GlobalData uses proprietary data and analytics to provide a complete picture of this assessment in their MIP-1095 Likelihood of Approval (LoA) and Phase Transition Success Rate (PTSR) Report.

MIP-1095 overview

MIP-1095 is under development for the treatment of metastatic castration-resistant prostate cancer. The drug candidate is an iodine-131-labeled prostate-specific membrane antigen (PSMA) targeted small molecule radiotherapeutic. Iodine-131 is a beta-particle-emitting radionuclide that is capable of destroying tumor cells. It is administered through intravenous route.

Progenics Pharmaceuticals overview

Progenics Pharmaceuticals (Progenics) is a biopharmaceutical company.

Quick View MIP-1095 LOA Data

Report Segments
  • Innovator
Drug Name
  • MIP-1095
Administration Pathway
  • Intravenous
Therapeutic Areas
  • Oncology
Key Developers
Highest Development Stage
  • Phase II

GlobalData, the leading provider of industry intelligence, provided the underlying data, research, and analysis used to produce this article.

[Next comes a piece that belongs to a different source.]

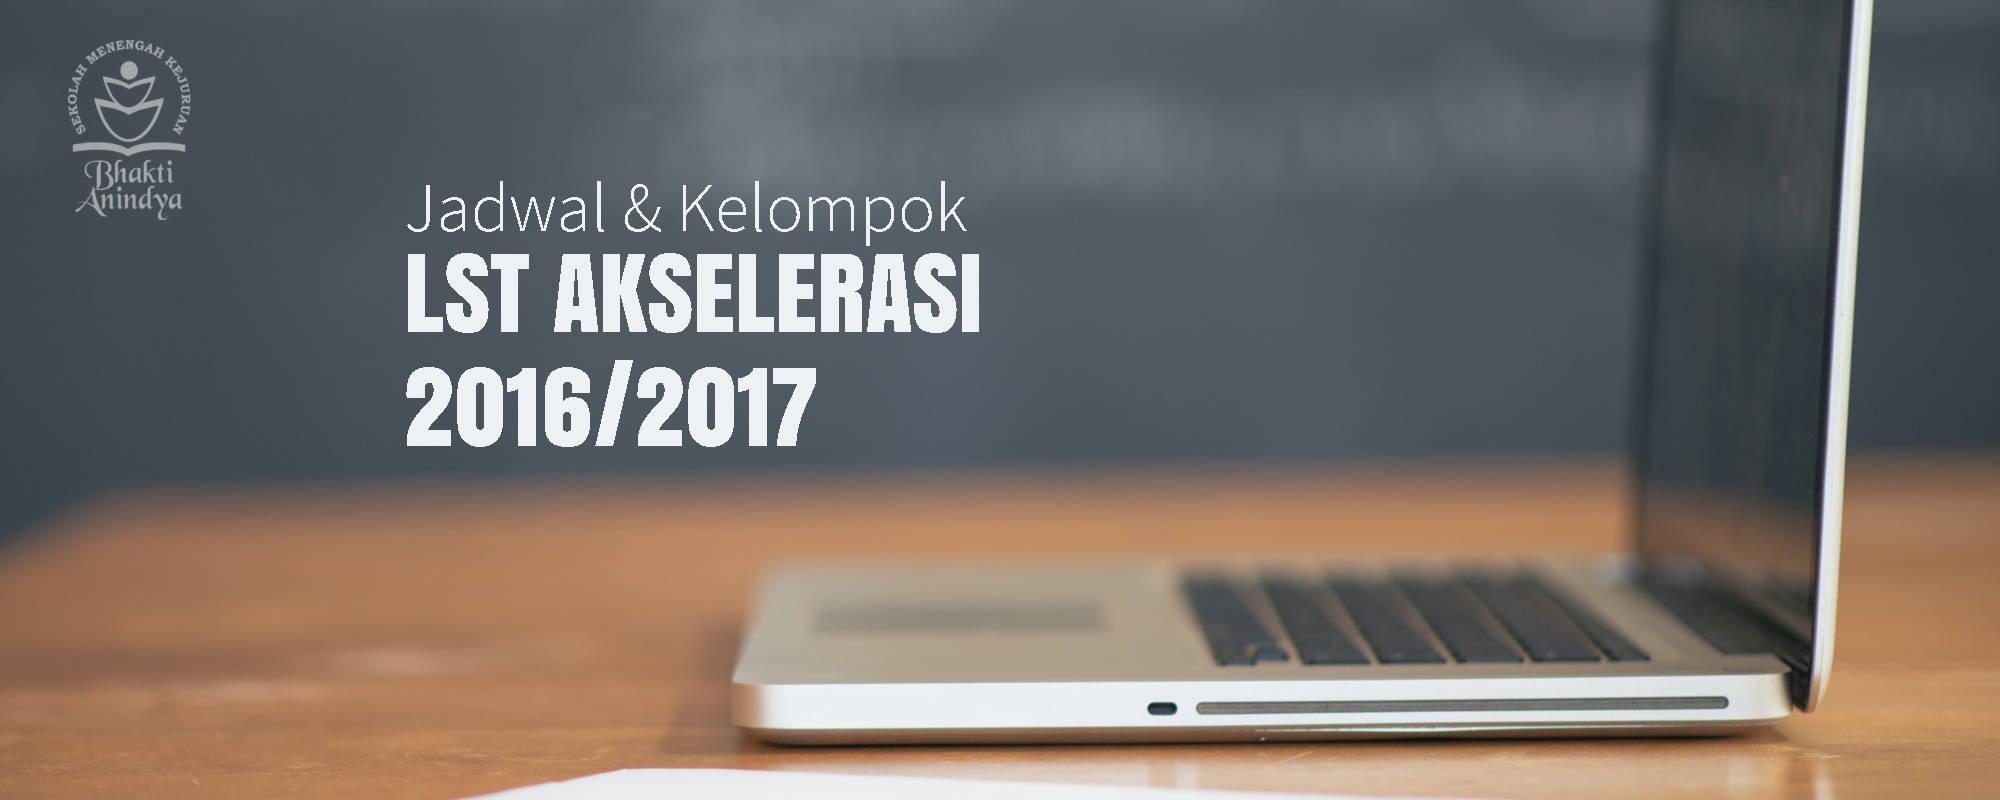 Jadwal & Kelompok Life Skill Training Web Design SMK Bhakti Anindya Tangerang
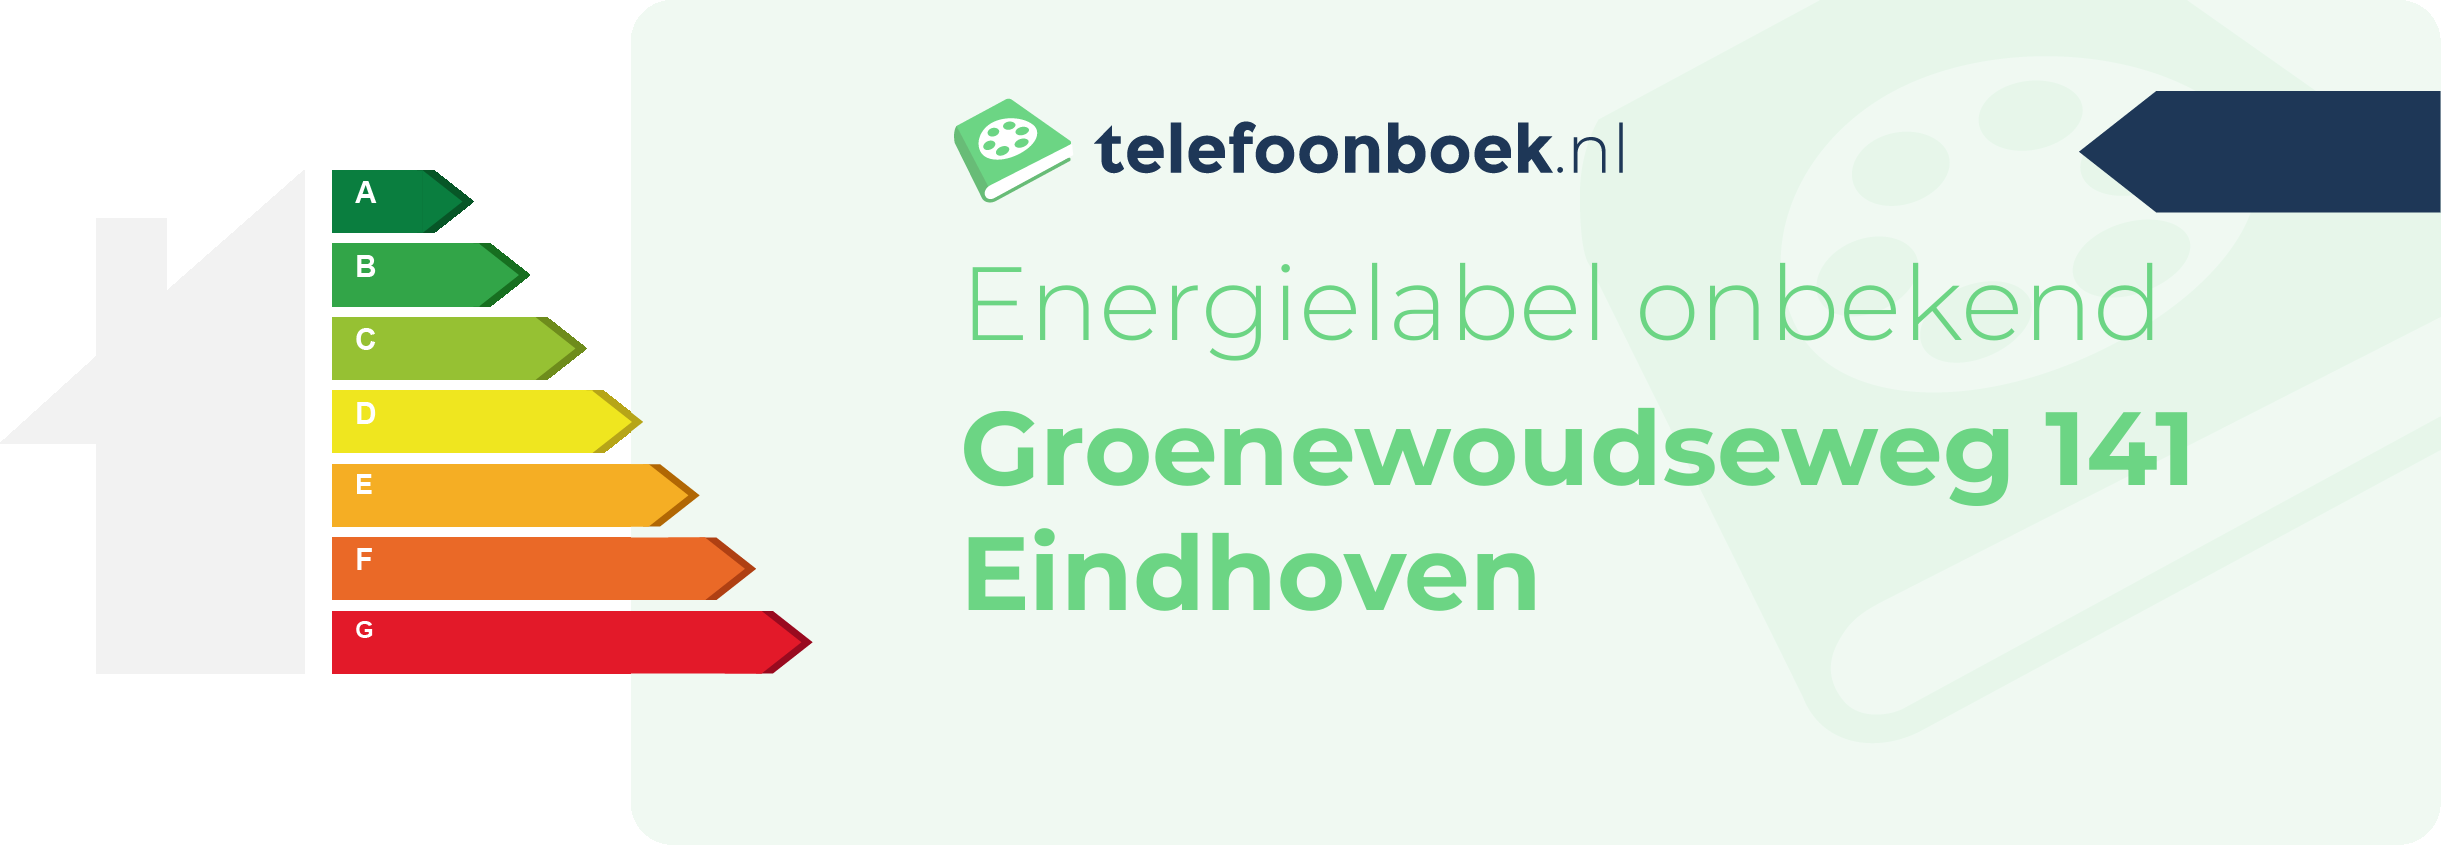 Energielabel Groenewoudseweg 141 Eindhoven

GlobalData’s Likelihood of Approval analytics tool dynamically assesses and predicts how likely a drug will move to the next stage in its clinical pathway (PTSR), as well as how likely the drug will be approved (LoA). This is based on a proprietary algorithm built from the drugs’ sales forecast, regulatory milestones, cost forecasts, WACC rate and other proprietary data sources found on GlobalData’s Pharmaceutical Intelligence Center.